1. compute the energy on a given spherical shell of radius $r$

2. sum up the contributions of all the spherical shells.

For point 1., you can just compute the volume $dV$ of a spherical shell of width $dr$ as volume of outer sphere minus volume of inner sphere: $$ dV = \frac{4}{3}\pi (r+dr)^3 - \frac{4}{3}\pi r^3 \approx 4\pi r^2 dr $$ where I have neglected terms like $dr^2$ or $dr^3$ which are very very small if $dr$ is small (our shell is in fact very thin!). The energy on this shell is finally $$ dU = \frac{\varepsilon_0}{2}E(r)^2 dV = \frac{\varepsilon_0}{2} \frac{Q^2}{16\pi^2\varepsilon_0^2 r^4} 4\pi r^2dr = \frac{Q^2}{8\pi \varepsilon_0 r^2}dr $$

For point 2 you need to know how to deal with integrals. They are essentially used to perform a sum of a given function for all the continuous values of the independent variable ($r$ in our case takes all the real values from $R$ to $\infty$).

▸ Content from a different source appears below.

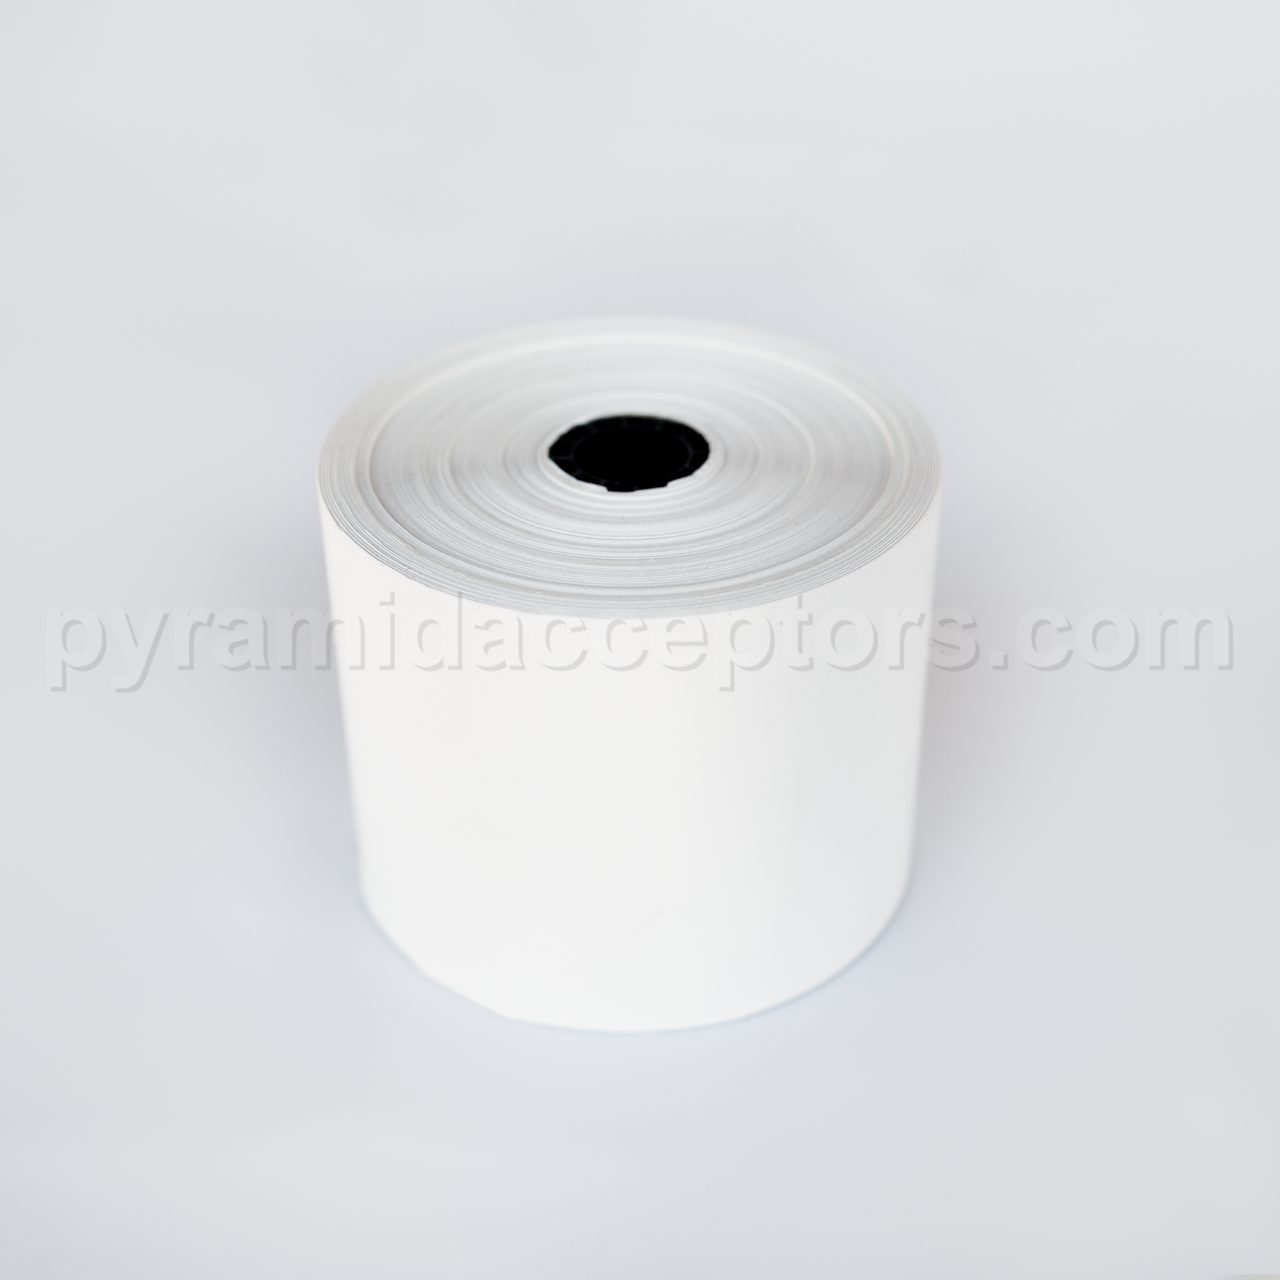 Phoenix Thermal Paper Roll (PHX) (Paper1) - Pyramid Technologies, Inc.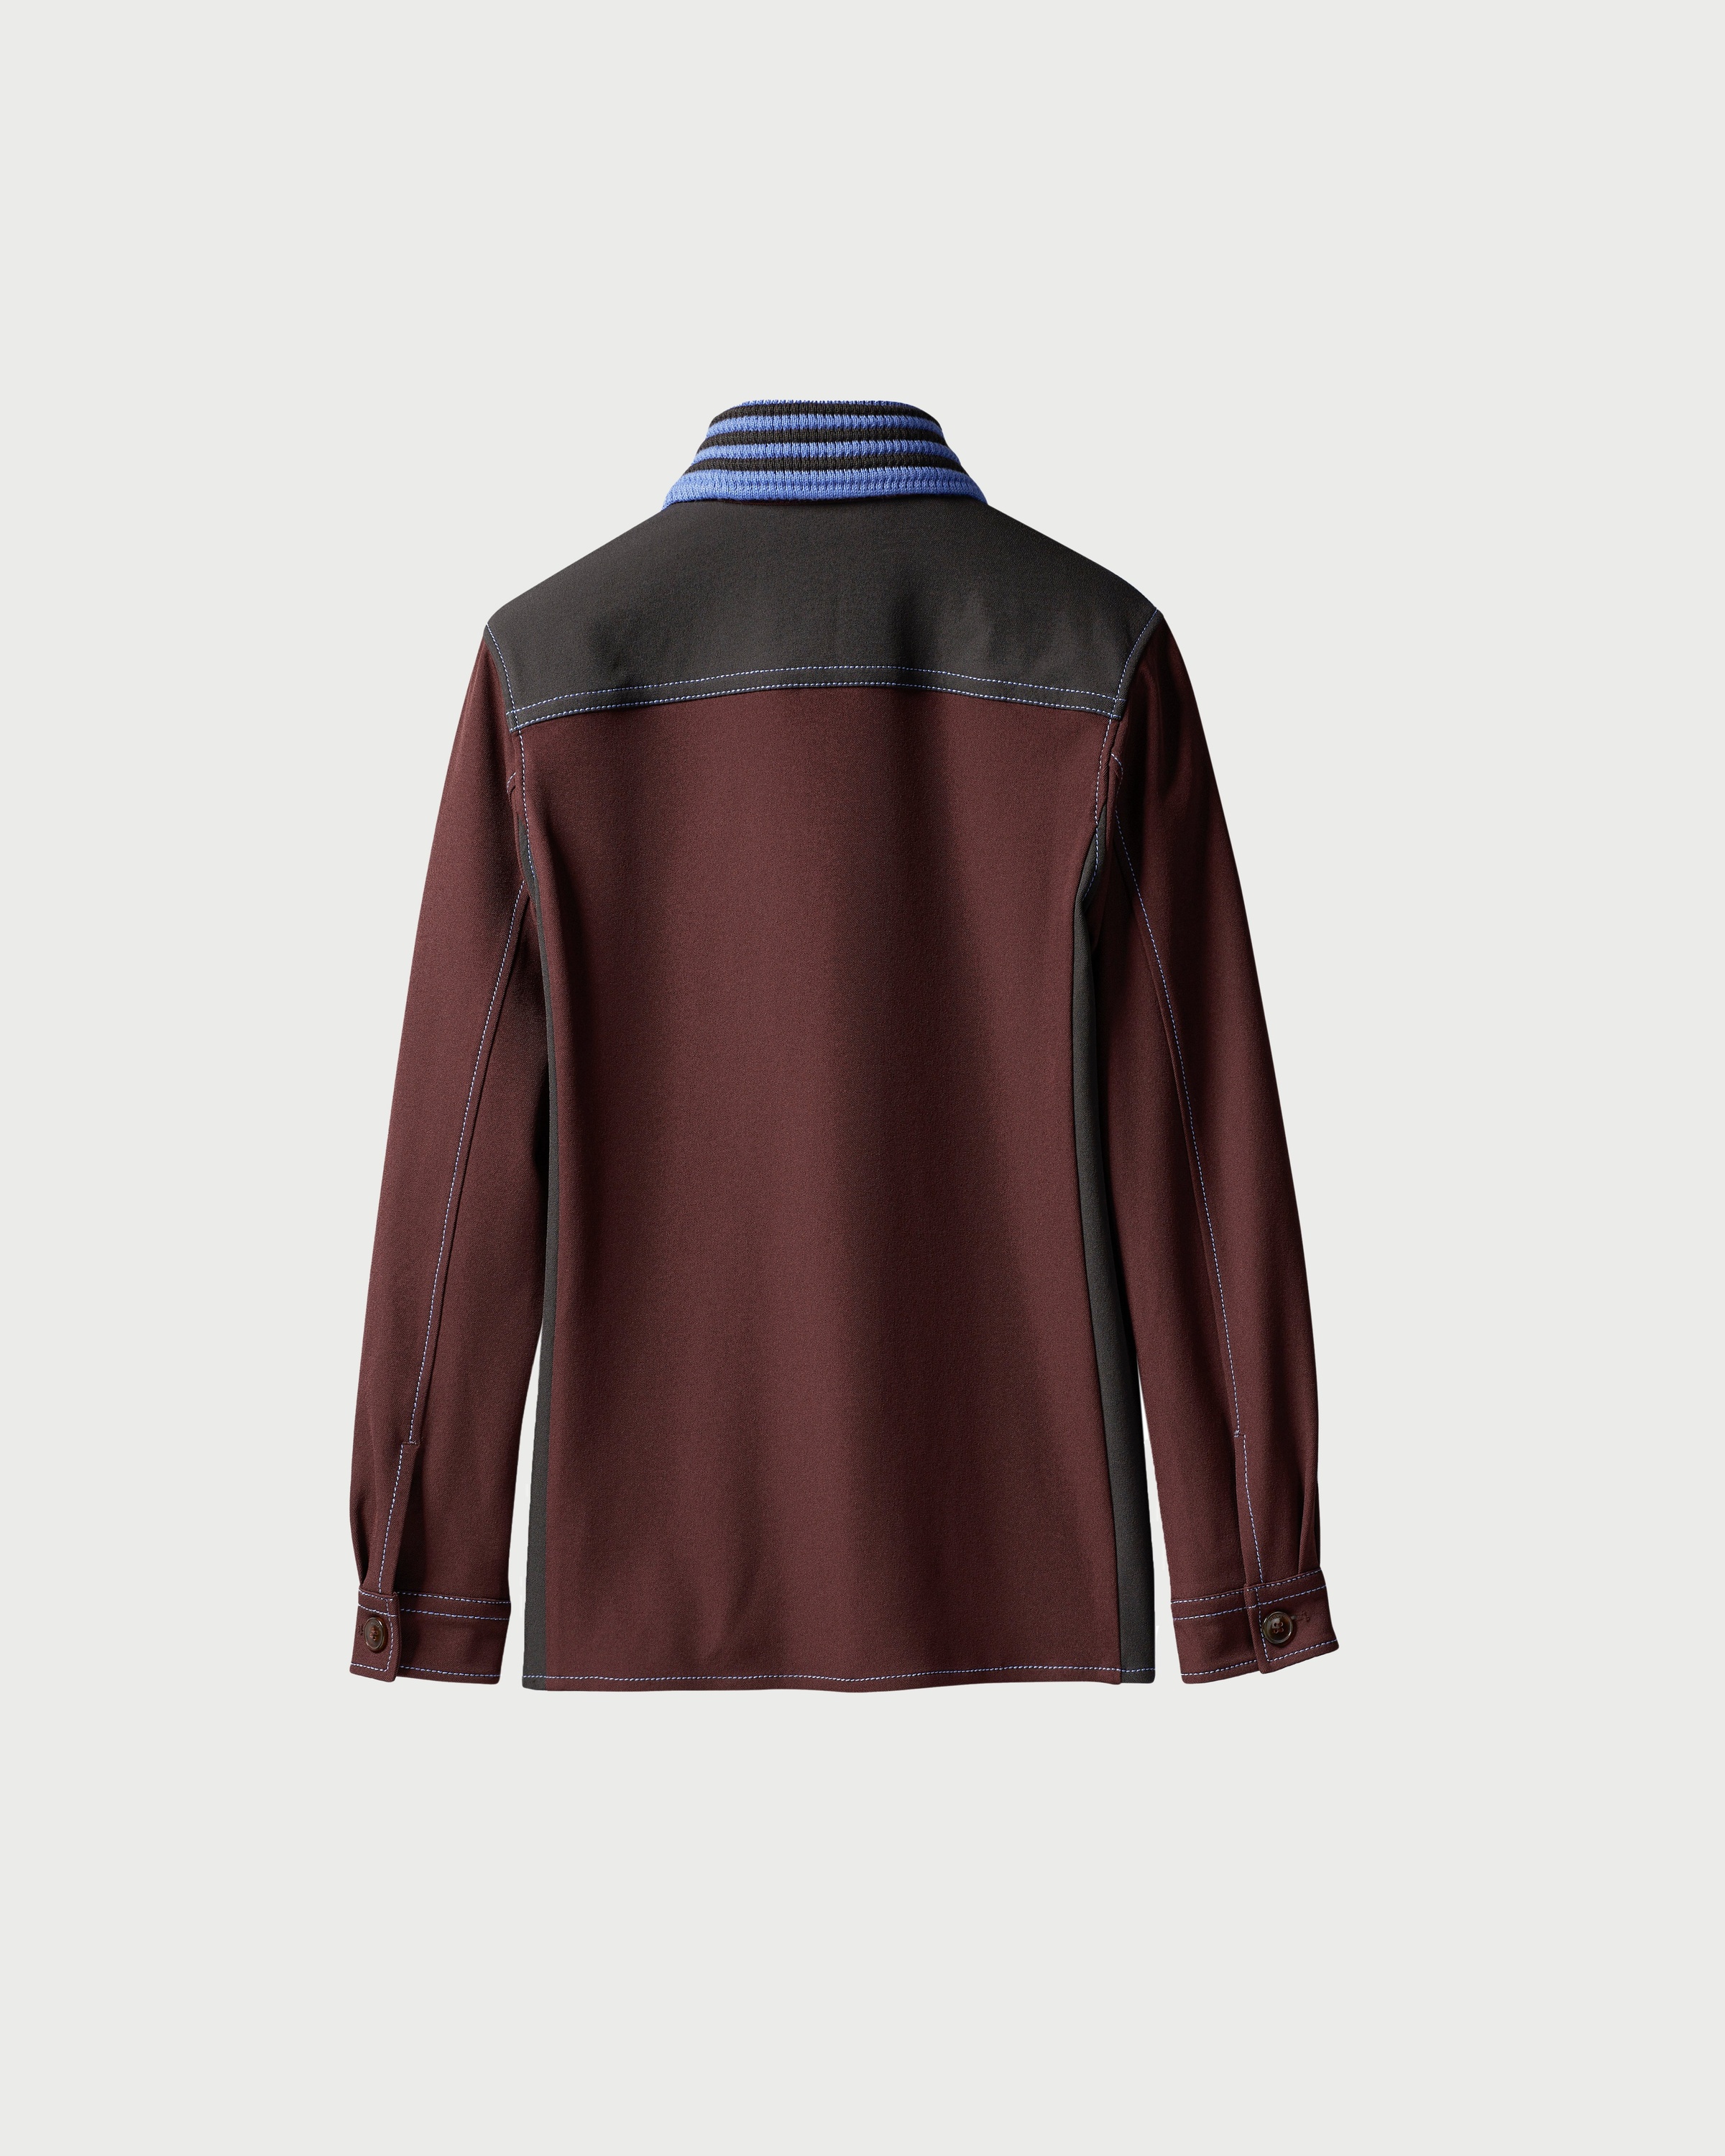 Adidas x Wales Bonner – Rock Blouson Brown - Longsleeve Shirts - Brown - Image 2

So the total energy is just $$ U = \int dU = \int_R^{\infty} \frac{Q^2}{8\pi\varepsilon_0 r^2} dr. $$ I assume you know how to deal with this, but if not, let me know and I can give more details. Solving this we get: $$ U=\frac{Q^2}{8\pi\varepsilon_0} \left[- \frac{1}{r} \right]_R^{\infty} = \frac{Q^2}{8\pi\varepsilon_0R}. $$ which is what we found from simple arguments above!